Lamberto Garzia merita di entrare di diritto tra i più autentici poeti dei nostri giorni: coltissimo, inventore del premio per inediti Ossi di seppia, Garzia è anche il meno libresco degli uomini, nomade, nuotatore, trasgressivo, ispirato, aperto al mondo come pochi. Il suo Autoritratto con rosa gialla (Interno Libri Edizioni, pagg. 231, euro 18) raccoglie poesie dell'ultimo trentennio a partire da quella Chanson di Cavaliere che me lo rivelò tanti anni fa.
Il libro si apre con un poemetto epico per frammenti in cui lui, cavaliere con il senso dell'onore e del nulla, si trova a duellare con uno sfidante che non è più il drago dell'infanzia, ma una entità indefinibile come una malattia dell'essere, in un duello che ha come padrini la sabbia e il vento. La vena epica e metafisica continua nei versi successivi dove la sua anima fantasma abita un villaggio californiano preso dalla febbre dell'oro. Una fortissima intensità lirica è invece la qualità rara e mirabile dei versi di Invocazione corale antica e di Antiche invocazioni d'amore. Il tono salmodiante è tra quello verticale, austero del teatro greco e quello orizzontale e carnale dell'ultimo Whitman. Qualcosa di cosmico percorre questi frammenti, che un abilissimo gioco di rimandi inanella in maniera elicoidale, dove si inseguono atomi d'oro, di purezza, di vita, di luce, di colore, dell'origine, dell'essenza, dell'eterno segreto: atomi che dalla materia portano all'energia immateriale primaria, quella dell'amore.

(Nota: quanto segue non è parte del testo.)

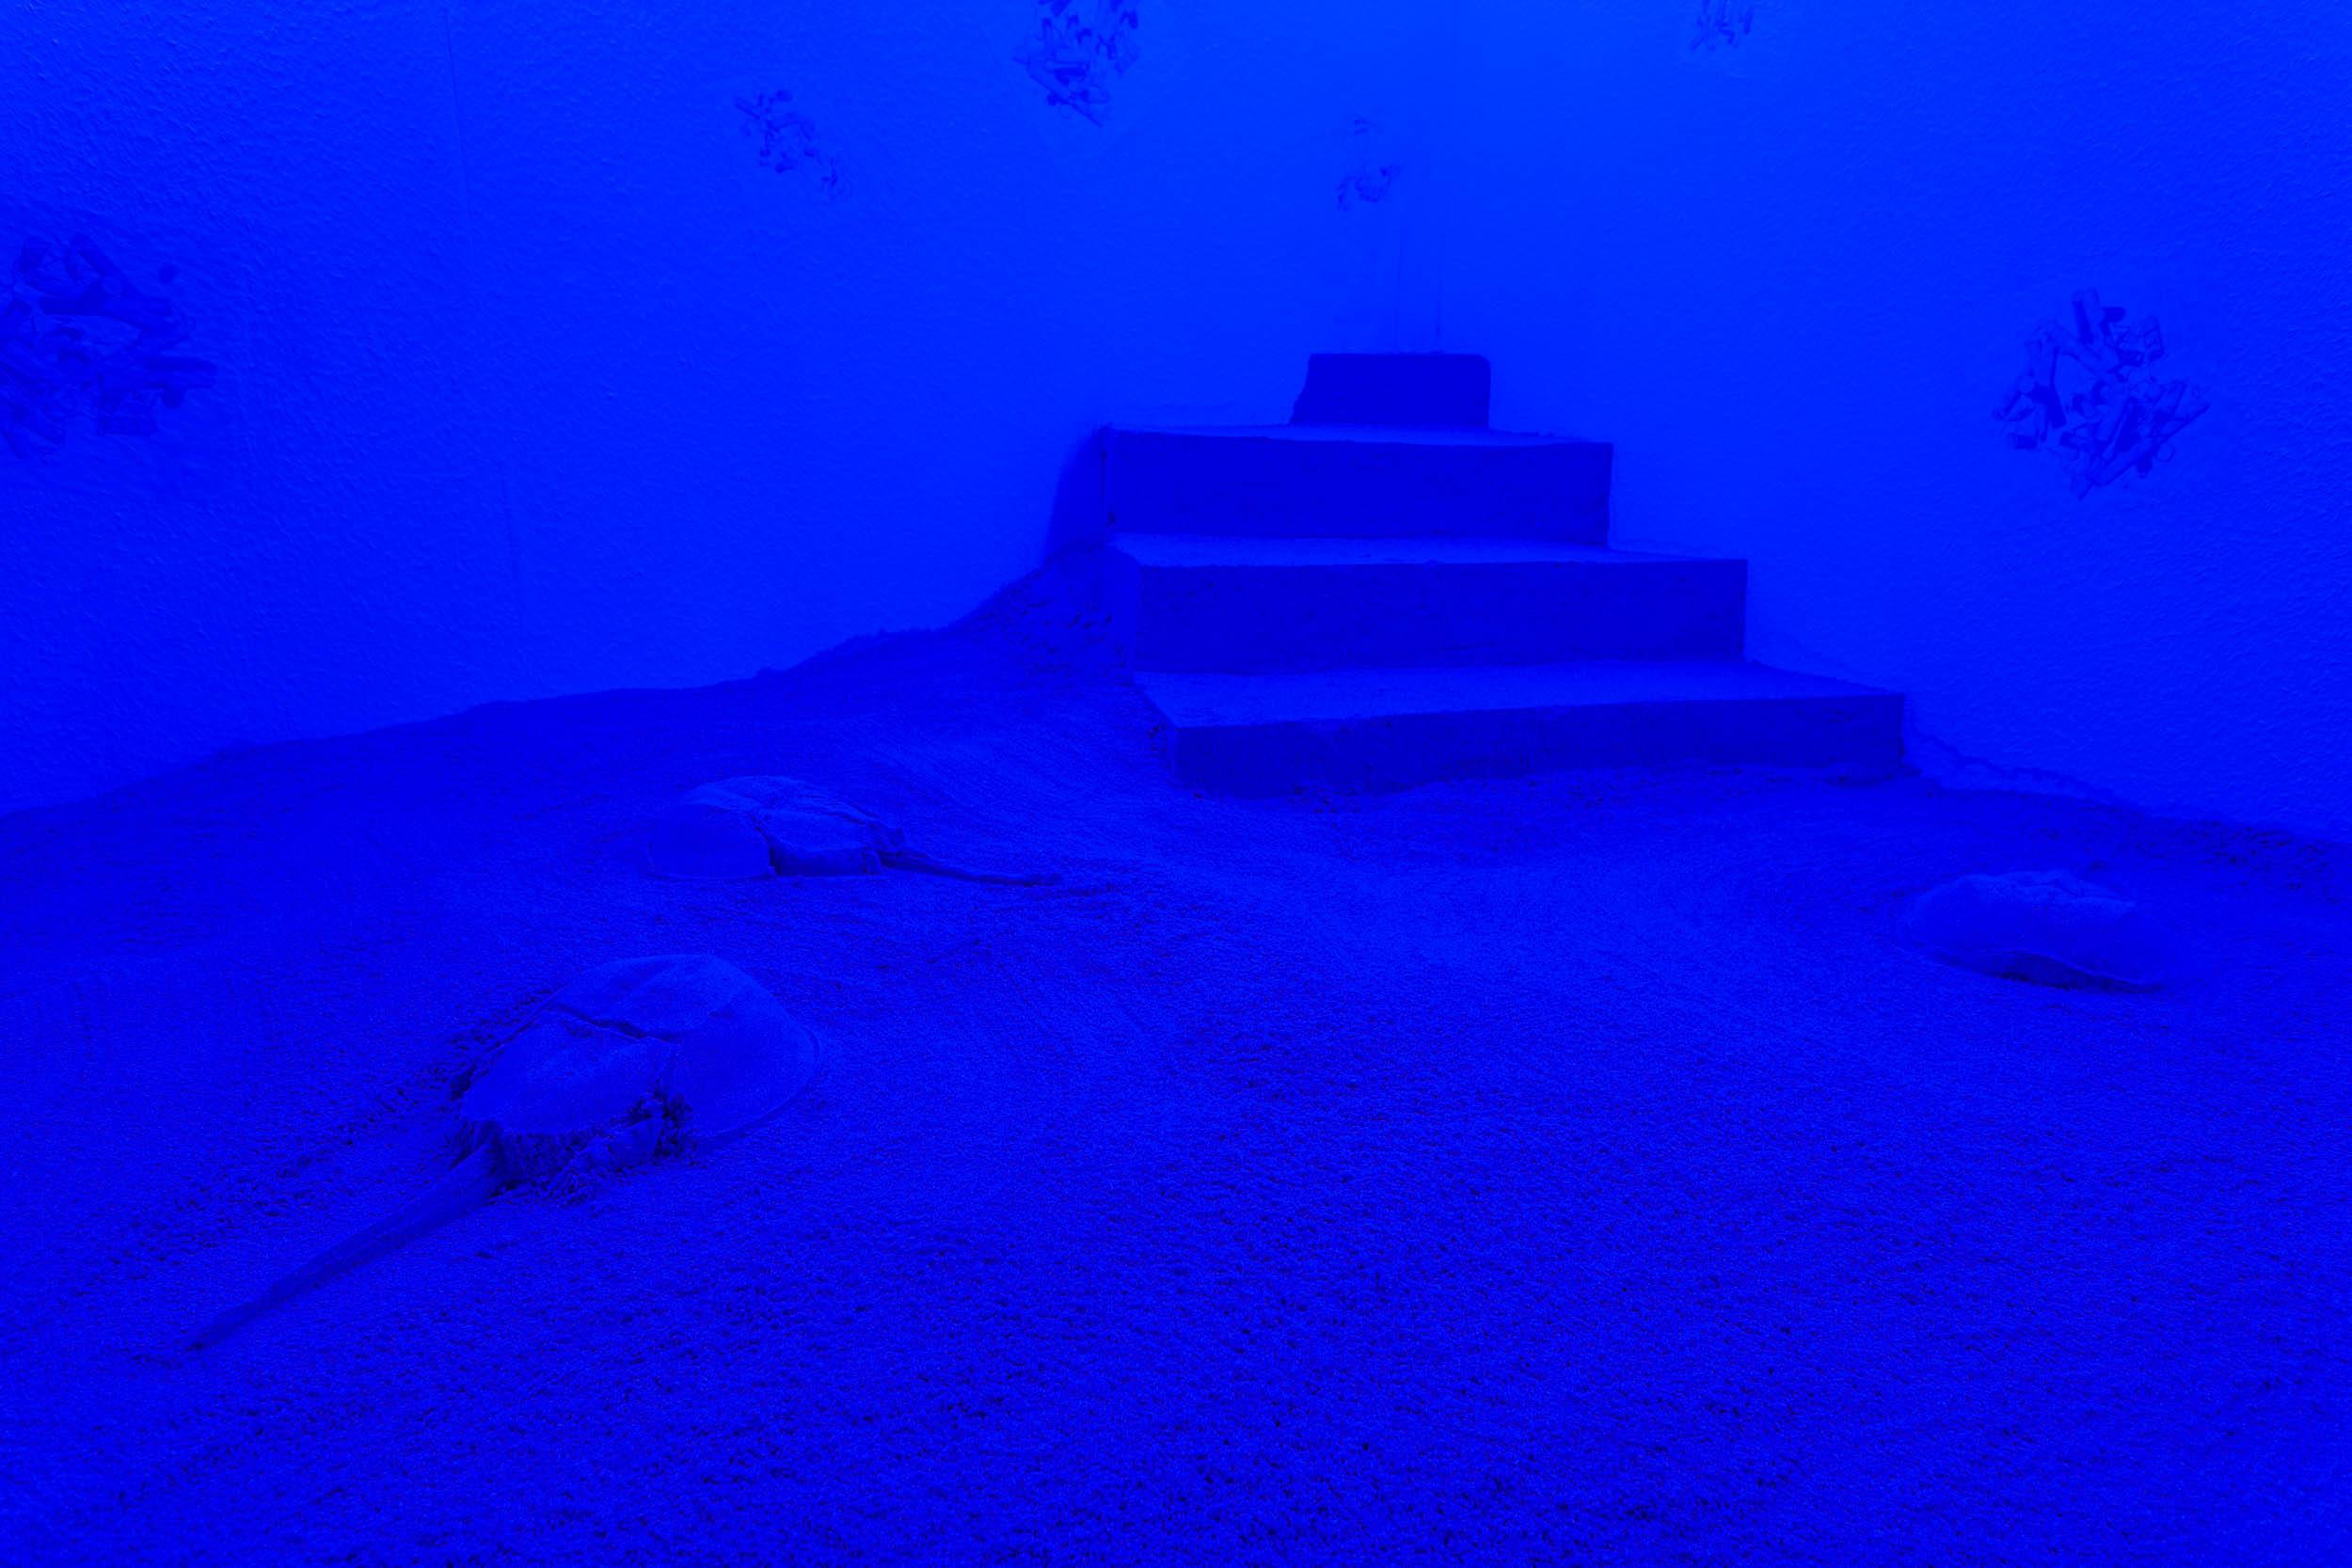 Nadim Abbas,  BLUE NOON  (detail), mixed media installation, dimensions variable   Photo: Kilian Bannwart

Garzia, al contrario di tanti poeti contemporanei, sa affrontare temi d'amore con uno sguardo arioso e drammatico, mitico e tesissimo sull'eros, come in questi versi esemplari: «vieni, vieni a me: alla mia carne,/ come le ragazze pesce andavano al loro dio/ aprendo la bocca e cantando». Ma questo poeta che impregna una suite amorosa del mito antico e conturbante di Leda e del cigno, è anche un poeta che sa la vita degli affetti familiari, uno che rivendica la scelta della povertà e della decenza dell'anima. I versi sull'estrema vecchiaia della nonna materna sono di una delicatezza commovente, ma il massimo di una commozione dura, pudica, si raggiunge nei versi dedicati alla canottiera ormai allentata del padre, i cui scarponi hanno «sulle stringhe indurito cemento». Compaiono nel libro immagini non ovvie della Liguria, fatta di boschi tra «rose selvatiche e bufere di vino», squarciata dal sole, flagellata dal vento sul bagnasciuga, e si intravedono i massicci della Maiella e del Gran Sasso dell'Abruzzo materno.
Ma Garzia dilata all'improvviso la sua geografia quando prende la strada dell'Oriente e scrive Shiai Ai, Combattimento e Amore, ancora un duello rituale, scandito sulle regole delle arti marziali, tra una donna d'oriente e un uomo d'occidente, in un inedito, nuovissimo linguaggio ibrido, tra un italiano quasi referenziale e la continua, ossessiva inserzione di termini giapponesi, con riferimenti anche al
mito fondatore della dea Amaterasu (nel dipinto in foto). Per tutto questo Lamberto Garzia, oggi tradotto e ammirato in Cina da un grande poeta come Cao Shui, è un autore che i lettori italiani di poesia gioiranno a leggere.